TransMilenio is a bus rapid transit (BRT) system that serves Bogotá, the capital of Colombia, and Soacha. The system opened to the public in December 2000, covering Caracas Avenue and 80 street. Other lines were added gradually over the next several years, and as of 2022, 12 lines totalling  run throughout the city. It is part of the city's Integrated Public Transport System (Sistema Integrado de Transporte Público [SITP] in Spanish), along with the urban, complementary and special bus services operating on neighbourhoods and main streets.

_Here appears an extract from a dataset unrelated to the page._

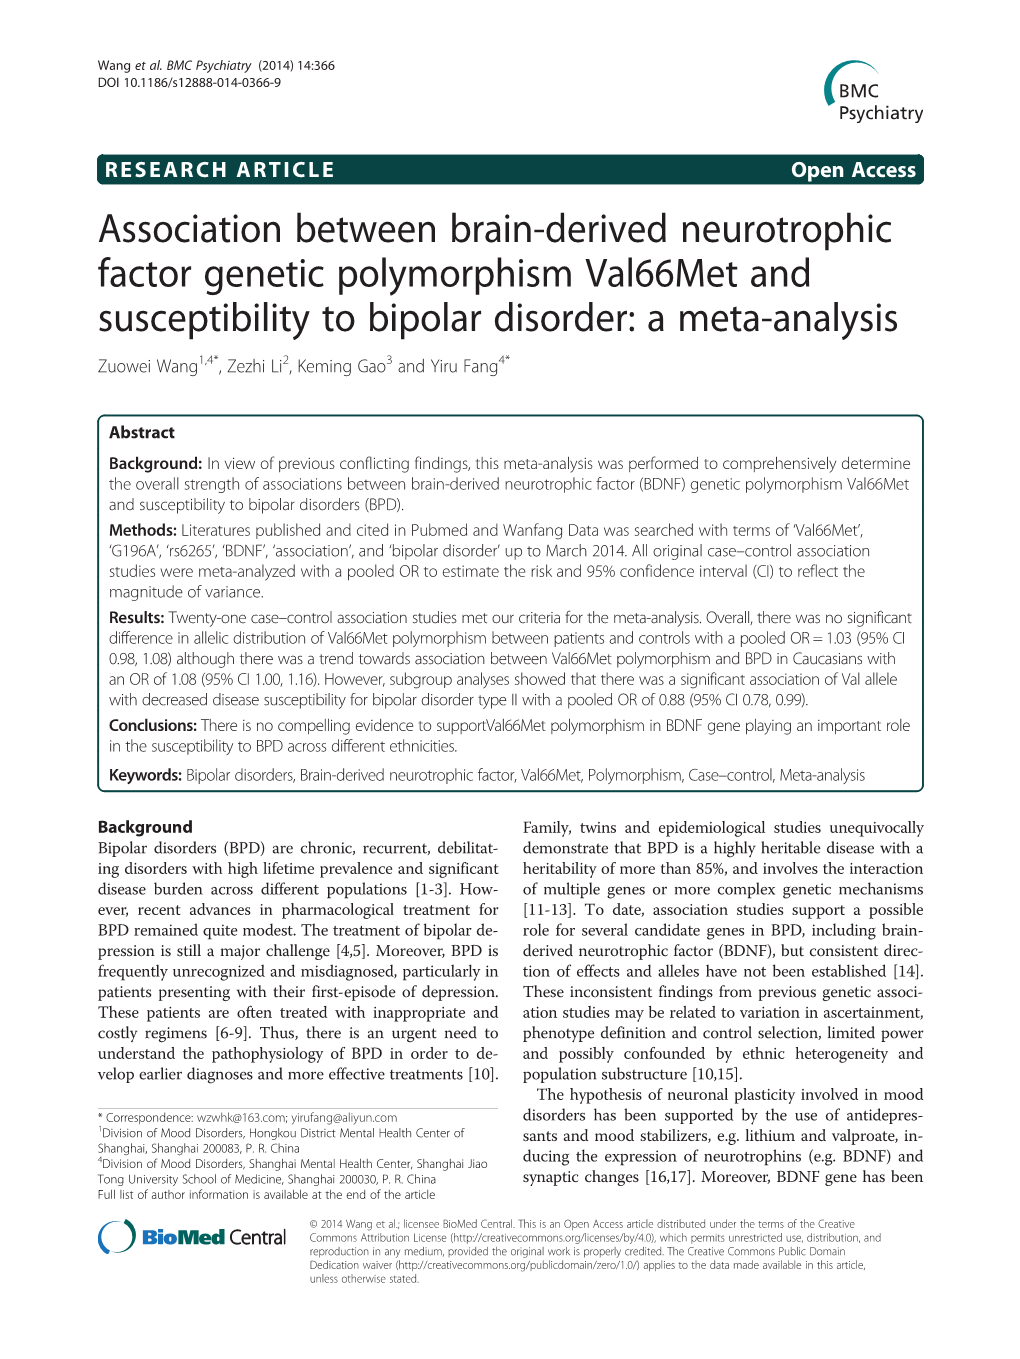 Association Between Brain-Derived Neurotrophic Factor Genetic

It was inspired by Curitiba's Rede Integrada de Transporte (Integrated Transportation Network). TransMilenio consists of several interconnected BRT lines, with raised floor stations in the center of a main avenue, or "troncal". Passengers typically reach the stations via a bridge over the street. Usually four lanes down the center of the street are dedicated to bus traffic. The outer lanes allow express buses to bypass buses stopped at a station.

Users pay at the station entrance using a smart card, pass through a turnstile, and wait for buses inside the station, which is typically 5 m wide. The bus and station doors open simultaneously, and passengers board by simply walking across the threshold. The elevated station platform and the bus floor are at the same height.

In the beginning most buses were diesel-powered, purchased from such manufacturers as the Colombian-Brazilian company Marcopolo-Superior, German conglomerate Mercedes-Benz, and Swedish companies such as Volvo and Scania. The buses were articulated and had a capacity of 160 passengers each. In May 2007, a new, larger bi-articulated bus, with capacity for 270 passengers, was presented to the public. TransMilenio buses are not equipped with transponders to give them priority at traffic signals; regret over this fact was voiced by former general manager of the system, Angelica Castro.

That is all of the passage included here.